On November 9th, 2015 we learned about

Mortuneria, the plesiosaur that skipped biting to sift for its snacks

Looking at a tyrannosaurus in the mouth, it’s immediately evident that these animals were eating meat. The multi-ridged molars of a triceratops look great for grinding up plants. Hadrosaurs are a bit more complicated, but those teeth still pretty obviously meant to eat stalks and twigs. And the hoop-shaped mouths of a Mortuneria, with teeth jutting out of the lower jaw, were strictly for… well… that might take some time to work out. Fortunately, researchers from Marshall University have been working on this baffling mouth for the last 25 years, and believe this odd plesiosaur used it’s mouth to dredge the ocean floor, sifting through the mud to find small, immobile prey. Obvious, right?

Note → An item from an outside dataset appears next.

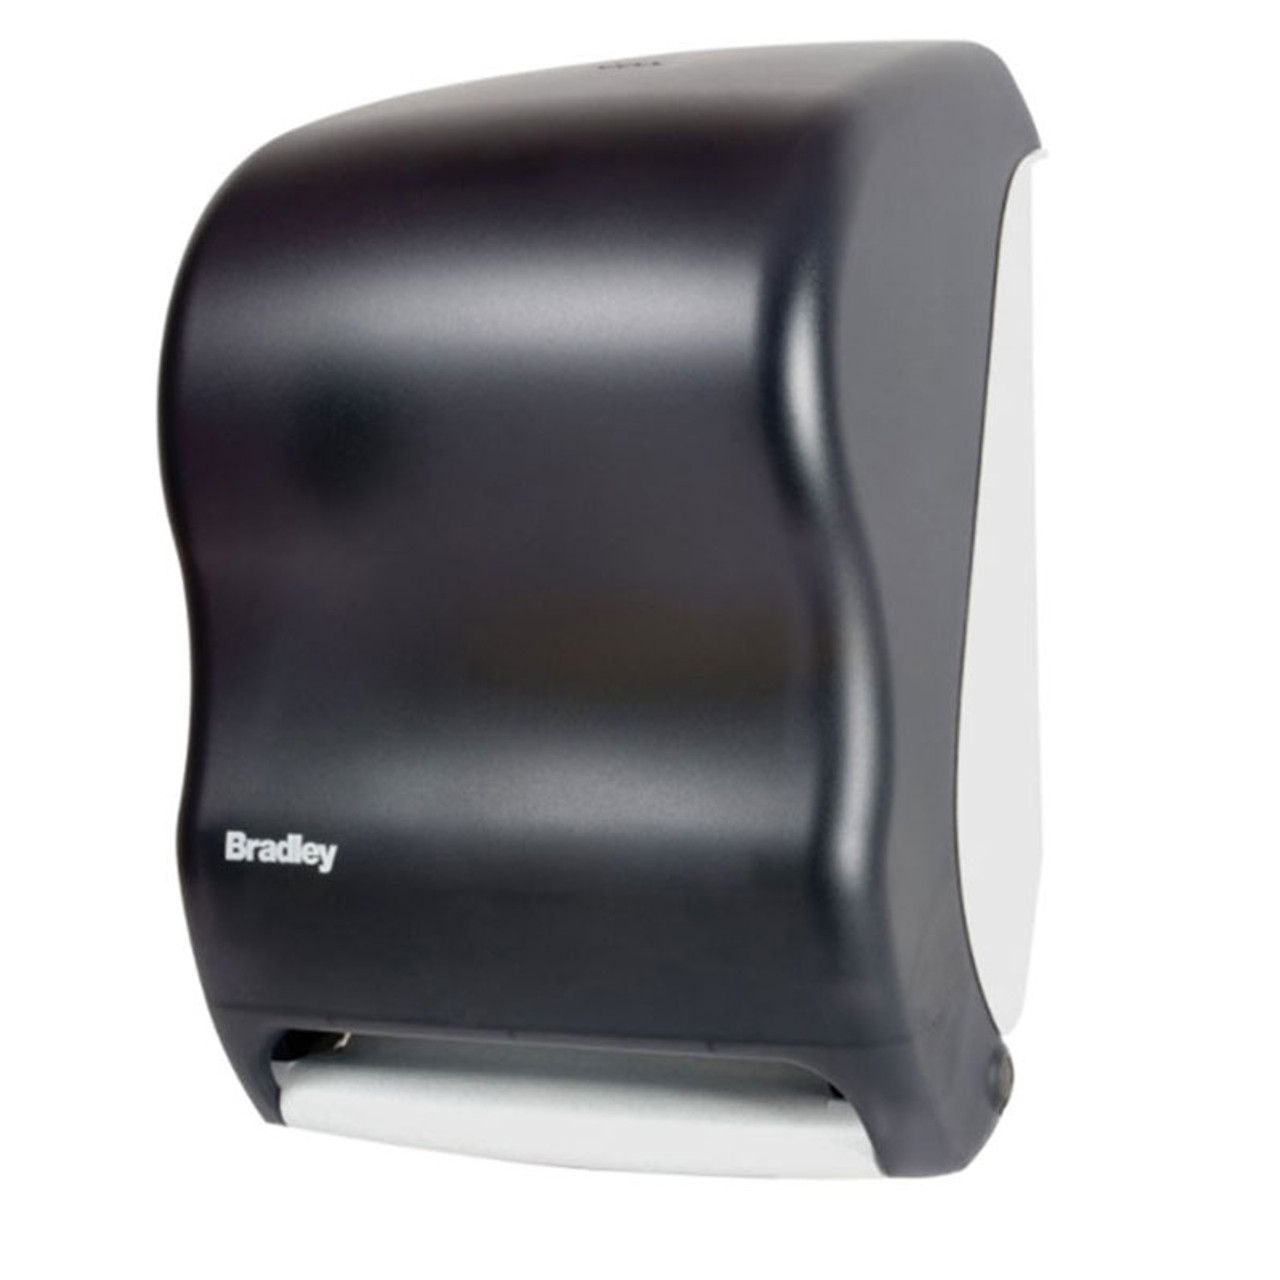 Bradley Corporation Sensored Paper Towel Dispenser

Jumbled jaw, filtering fangs

Mortuneria lived in the Cretaceous period along side may other marine reptiles. Most of its peers were occupying more traditional predatory niches in the oceanic environment, preying on both small and large sea-life, while growing as large as 50 feet long. Their jaws varied in size and bulk, but they were generally consistent with mouths meant to capture and swallow swimming prey. Mortuneria’s mouth didn’t follow this layout, with the jaws moving to an overlapping position if they were ever forced closed in a bite. Further weakening the bite was the fact that the teeth were not aligned to slice or grind against each other. The top row of thin teeth pointed down, as you might expect, but rather than interlocking, the teeth on the lower jaw stick out and even further down, in an array my six-year-old called a “tooth beard.”

It was clear that Mortuneria wasn’t biting, but what could it do with this odd dental arrangement? The lower teeth are assumed to have acted as an external seive as the reptile dredged the sea floor, churning up small crustaceans and molluscs. The top teeth would have further filtered out mud and rock. To finish the process, Mortuneria had a notably deep palate, which would have allowed it to expunge larger amounts of water from between the top teeth, trapping food inside the mouth.

A mouth so weird, evolution made it twice

If this plesiosaur’s anatomy weren’t odd enough, there’s a new question of Mortuneria’s lineage. There are some possible filter feeding plesiosaurs from the Jurassic, but they seem to have been extinct well before Mortuneria appeared in the Cretaceous. Without new specimens linking the species together, it would seem that filter feeding evolved more than once among marine reptiles. It’s possible that they were so dominant in the oceans as predators that species had to into new diets, like filter feeding, in order to carve out an ecological niche of their own.